Выбрать главу

Слова, слово, с которым мне хотелось бы прожить весь этот год... «Доверие»! А почему бы еще не «щедрость»? Почему мы не хотим брать пример с природы! Та любит расточительность. Без счета раздаривая свои сокровища, она открывает перед нами все новые, она не знает удержу в своих тратах.

Живи б я в японских мегаполисах (Токио-Киото-т.д.), я б и за новогодним столом сказал: «Сакура». Пожалуй, ни одно слово в Японии не произносят так же уважительно, как «сакура» — цветущая вишня. Когда в конце марта на ее ветвях появляются первые цветки, —

«Горы Ёсино!

Там видел я цветки вишен

В облаках цветов,

И с этого дня разлучилось

Со мною сердце мое»

(Сайгё),

— тогда страна дисциплинированных тружеников превращается в край беспечных романтиков, созерцающих открывшуюся им красоту. Любой служащий стремится быстрее покинуть офис и пройтись по ближайшему парку, чтобы «с неведомой мне стороны взглянуть на цветущие вишни». Эти теплые дни первоцвета вот уже много веков остаются едва ли не главным событием в японском календаре.
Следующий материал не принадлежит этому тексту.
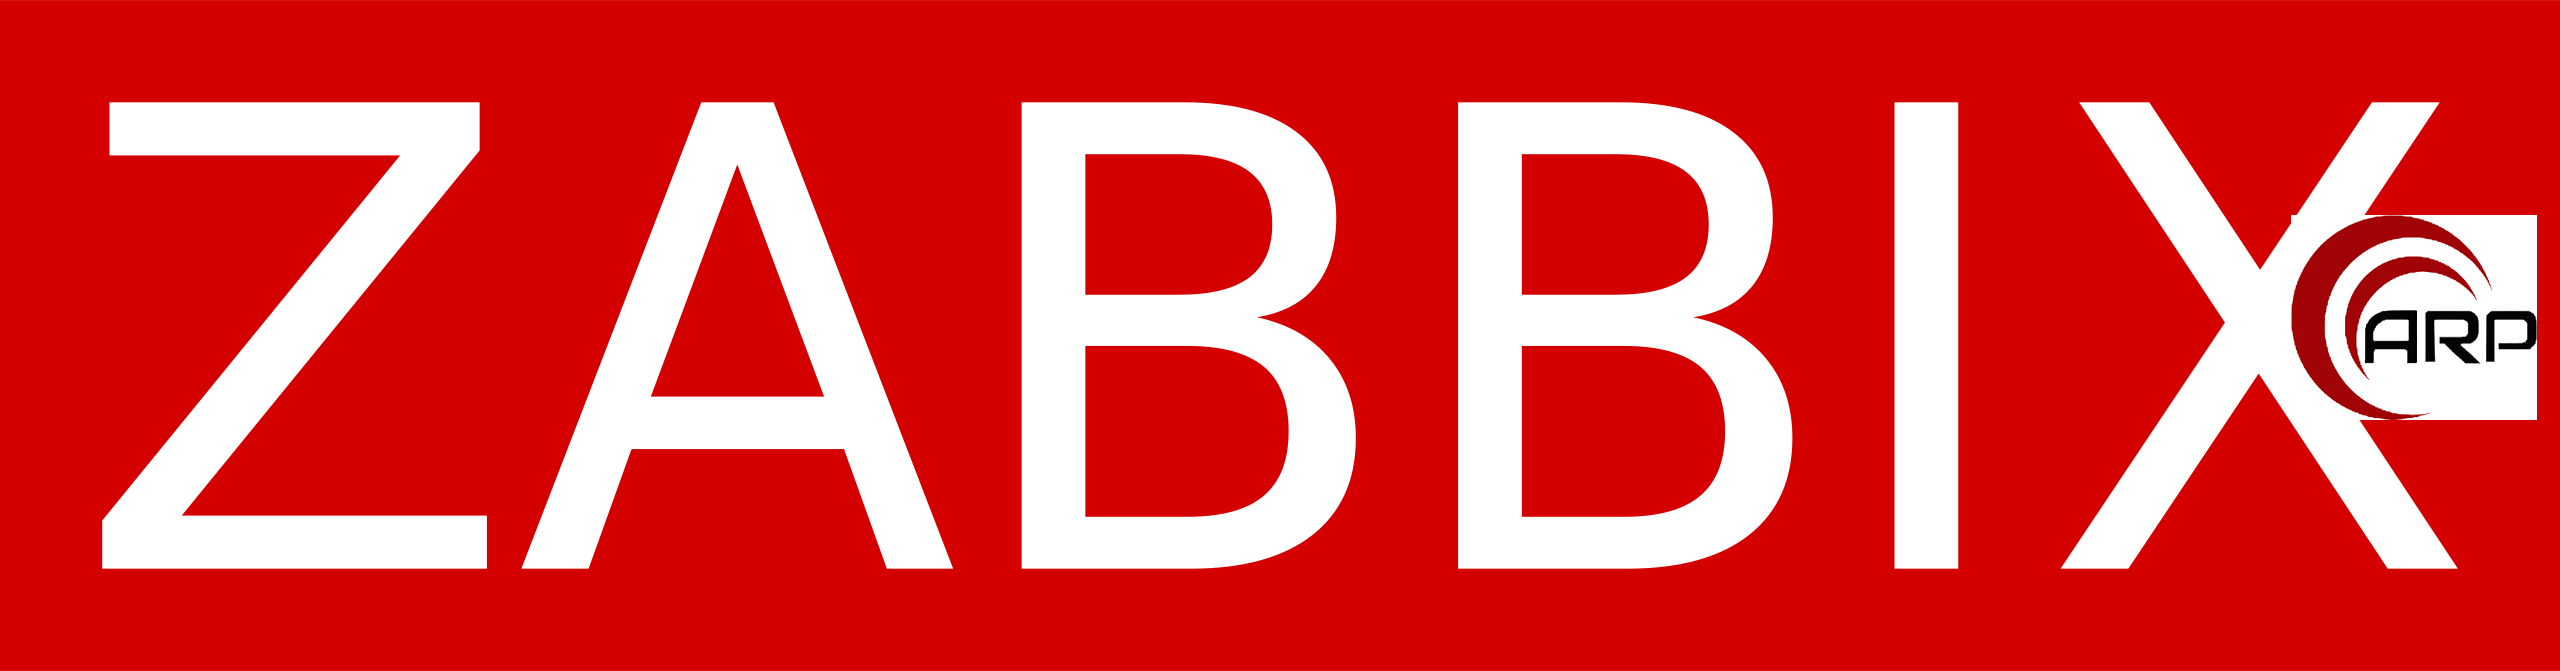 Zabbix_arp-network-incomplete-check-logo.svg

Поклонники Мураками почитают их так же свято, как и современники буддийского скитальца Сайгё, жившего во времена Юрия Долгорукого. Увлеченные прелестью цветов, все они готовы были когда-то воскликнуть: «Разве не думал я, что все земное отринул?» Эти дни — праздник жизни, торжество ее изобилия.
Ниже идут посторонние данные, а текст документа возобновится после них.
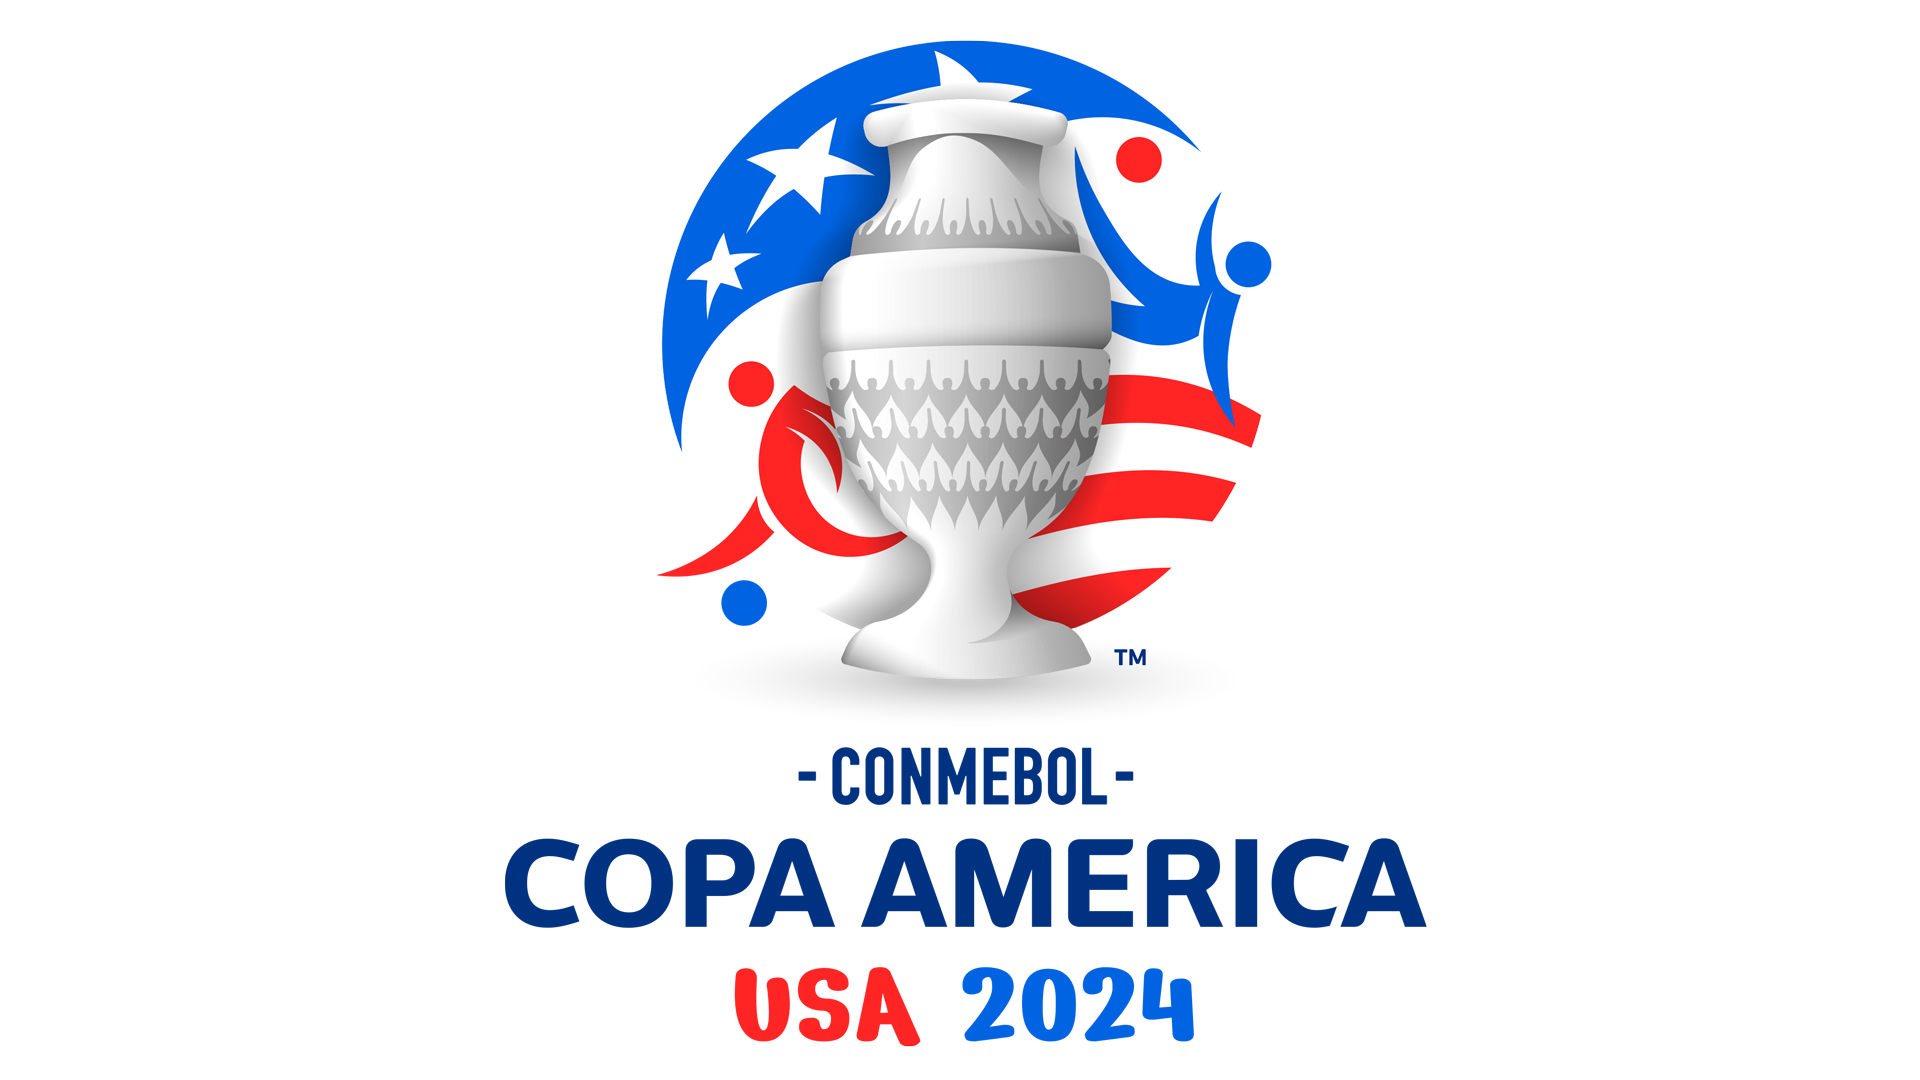 Copa America

Любуясь цветками, отраженными в сотнях деревьев, люди воочию видят то, что можно назвать подлинным Чудом жизни: среди омертвелой на вид коры на хрупких веточках разом распускаются тысячи и похожих, и не похожих друг на друга цветков. Все покрылось белыми и розовыми красками — пробилась, зацвела жизнь.

Поражает щедрость природы. Ведь для продолжения рода вишне достаточно было пустить хотя бы цветок. Почему природа так легко сбивается со счету, путая единицы с сотнями? Почему она никогда не скупится? Почти все эти цветки отцветут напрасно: из их семян никогда не прорастут новые вишневые деревья. На первый взгляд, кажется удивительным, что в индустриальной Японии, где вроде бы давно торжествует дух прагматизма, в Японии, «стране переполненных вагонов метро» (как показывали мне по ТВ с детства), именно сакура стала символом жизни.
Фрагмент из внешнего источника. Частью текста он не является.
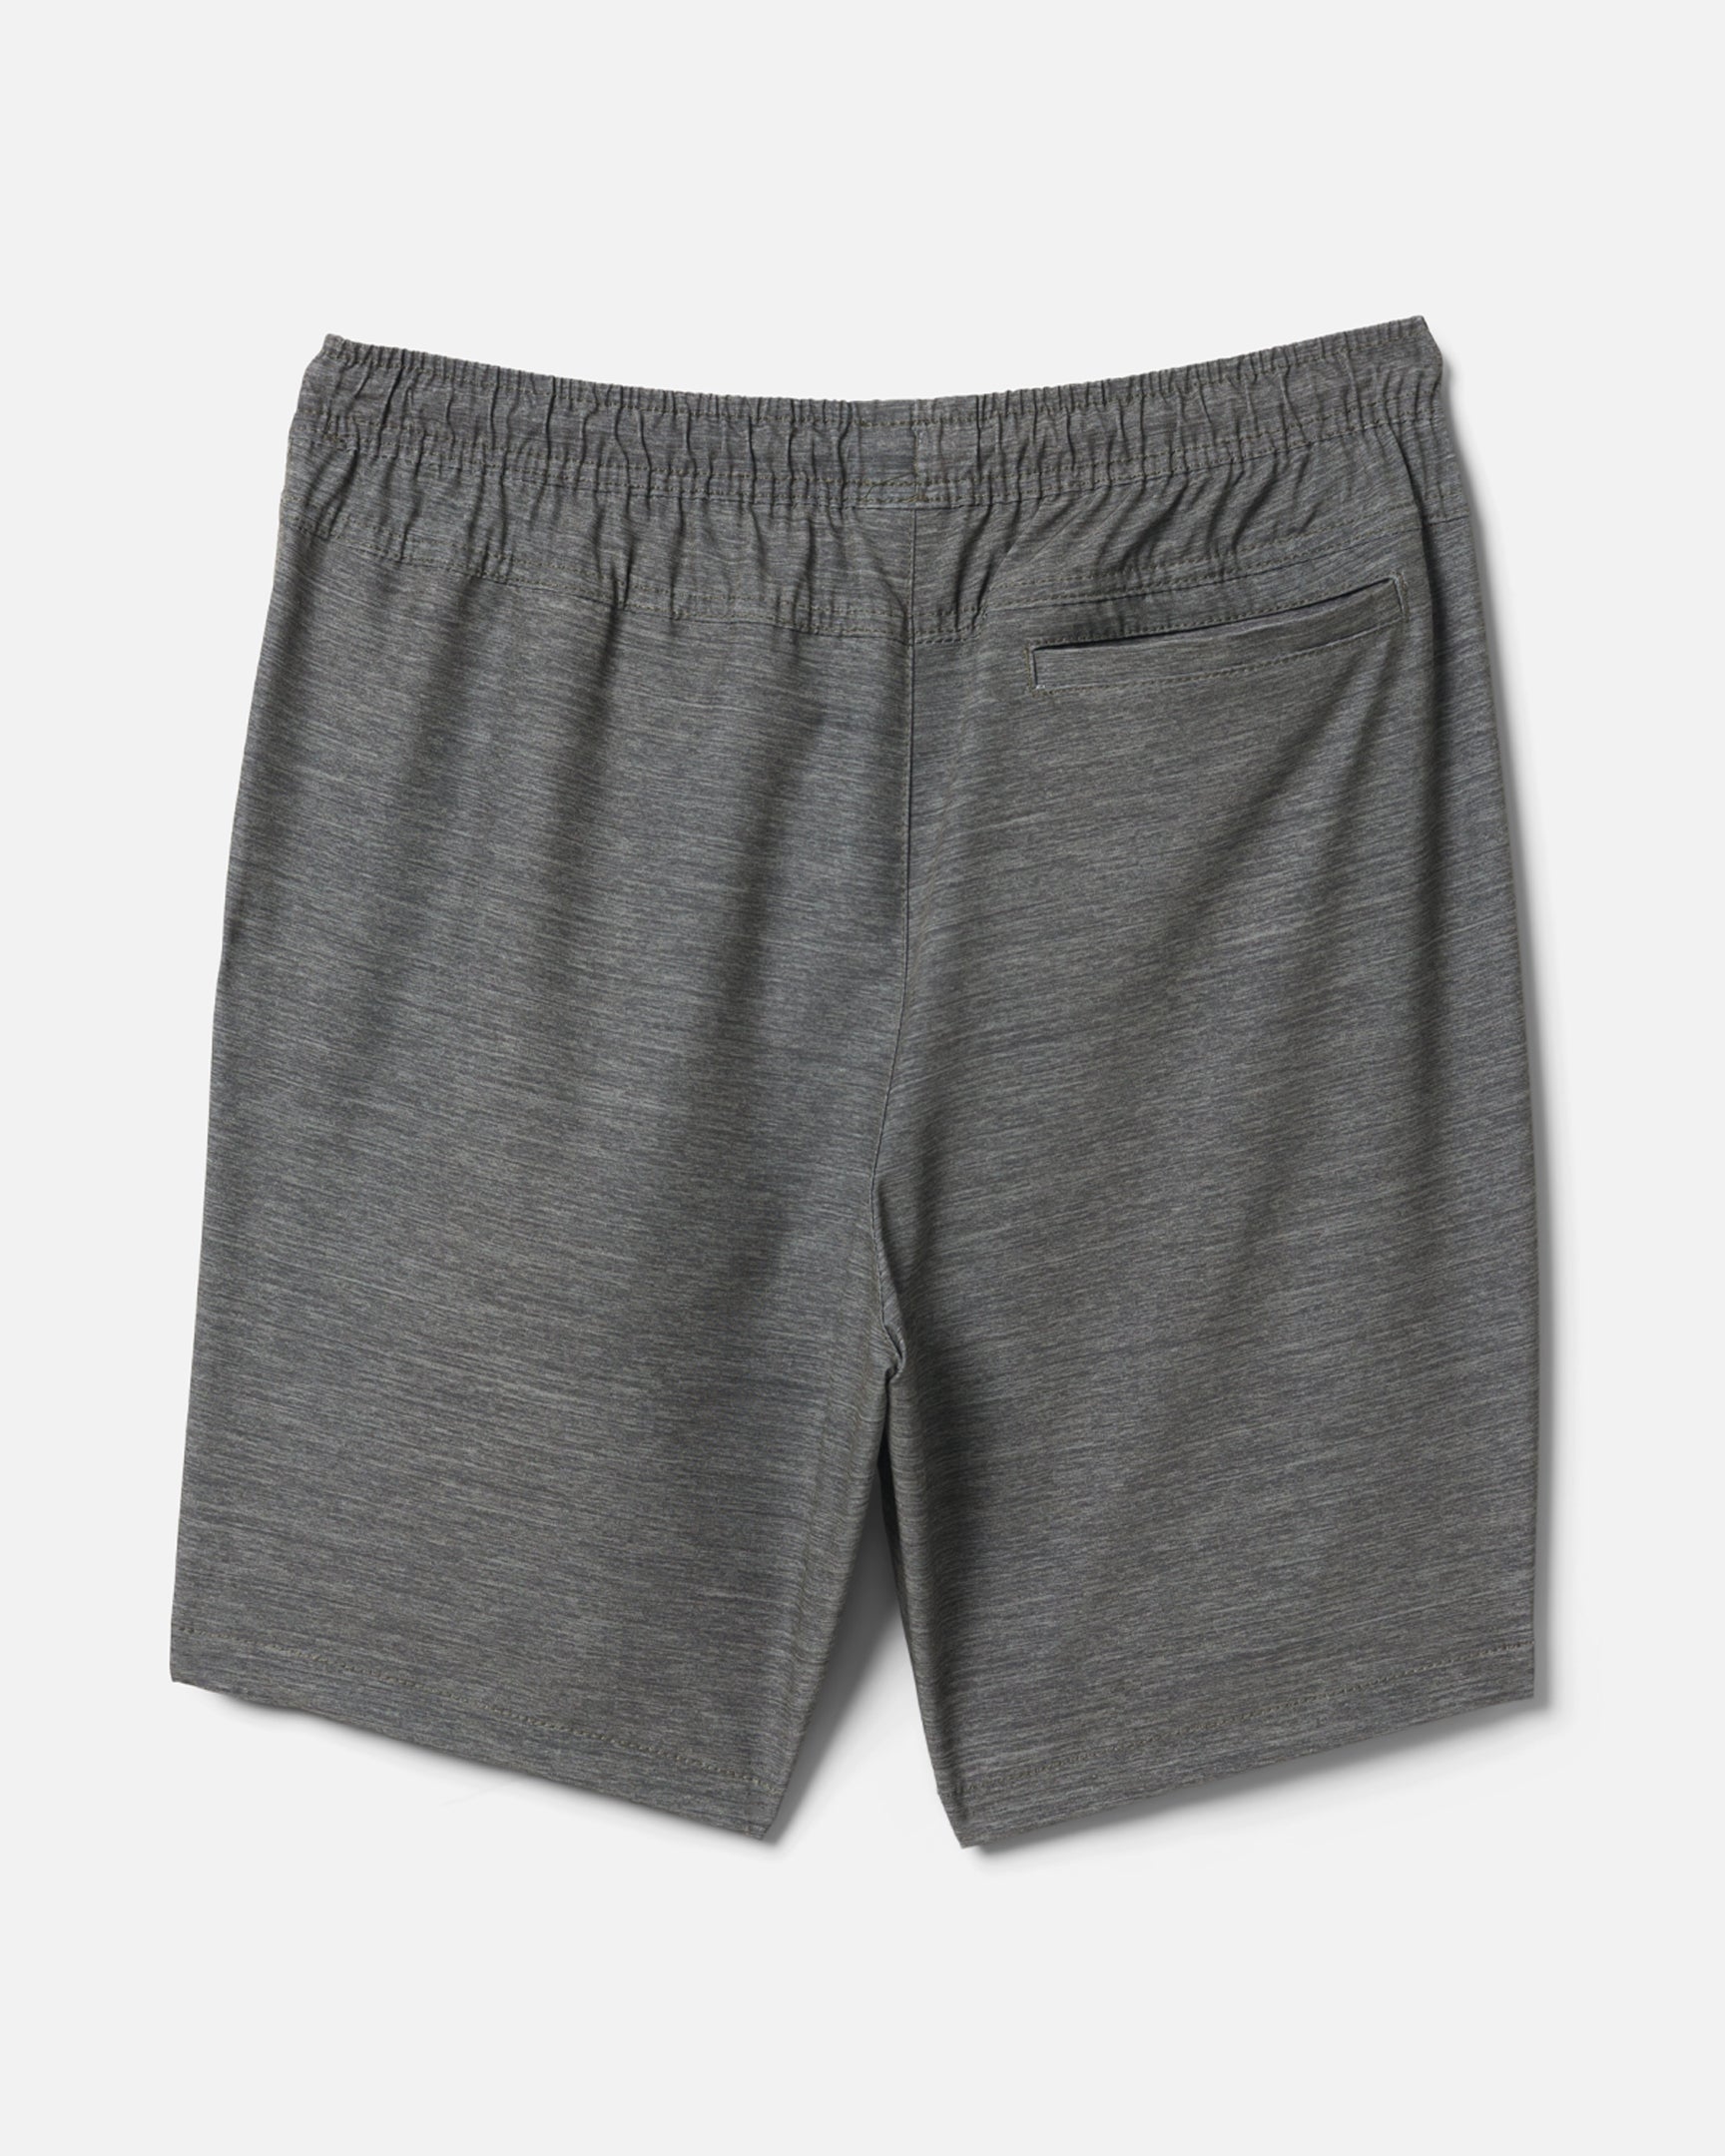 Black Cactus® Reversible Shorts 1.0 - Black & Light Grey

Но, может быть, дело в нас, и мы не понимаем это благоговение перед цветущей вишней потому, что незаметно перестали понимать природу? (Где вы, вожатые, Тютчев и Фет, Пришвин и Бунин?) Мы приучились относиться к ней, как к «зеленой фабрике», где налажено массовое производство новых — «штук» («экземпляров», «единиц») — растений и животных «с выгодой для нас». И потому перекраиваем окружающий мир по собственным меркам, вырубая леса, распахивая пустоши и луга.

Выгода, расчетливость, экономия — знаки, к которым спешим, — не в правилах природы. Вместо выверенных ходов она предпочитает делать множество попыток, не стремясь к ожидаемой цели, а лишь ожидая, чему дано сбыться. Разнообразие вариантов — вот ставка природы, вот ее мудрость. Она не любит скупиться, и в этом — залог эволюции. Лишь разнообразие дает надежду на выбор. Щедрыми горстями природа разбрасывает мириады «семян», из которых лишь самые способные к жизни (лучшие ли?) выживут и, может быть, обретут долгую жизнь и будут приносить все новые, новые плоды. И это мы видим «на всех этажах» природы — от Микрокосма до Макрокосма.

Во Вселенной, по самым приблизительным оценкам, около ста миллиардов галактик; каждая из них, в свою очередь, содержит, скажем, сотню миллиардов звезд, окруженных планетами и их спутниками. «Поле Космоса» усеяно бессчетными семенами, и любое способно породить новое «древо жизни». Но пока, насколько мы знаем, лишь одна планета — Земля — дала всходы жизни. Возможно, на просторах Вселенной есть и другие, пусть и очень далекие, планеты, населенные живыми существами, но, по-видимому, большинство планет по-прежнему «безвидны и пусты». Одни из них напоминают адское пекло, а другие превратились в царство льда. Остается лишь любоваться мертвенными газовыми или каменными шарами, плывущими по орбитам, как любуются ими звездочеты. Разве их наука — астрономия — не сродни созерцанию лепестков сакуры, бесцельно кружащих на ветру? Так в космической дали нам открывается та же бесцельная расточительность, что, похоже, присуща природе повсюду.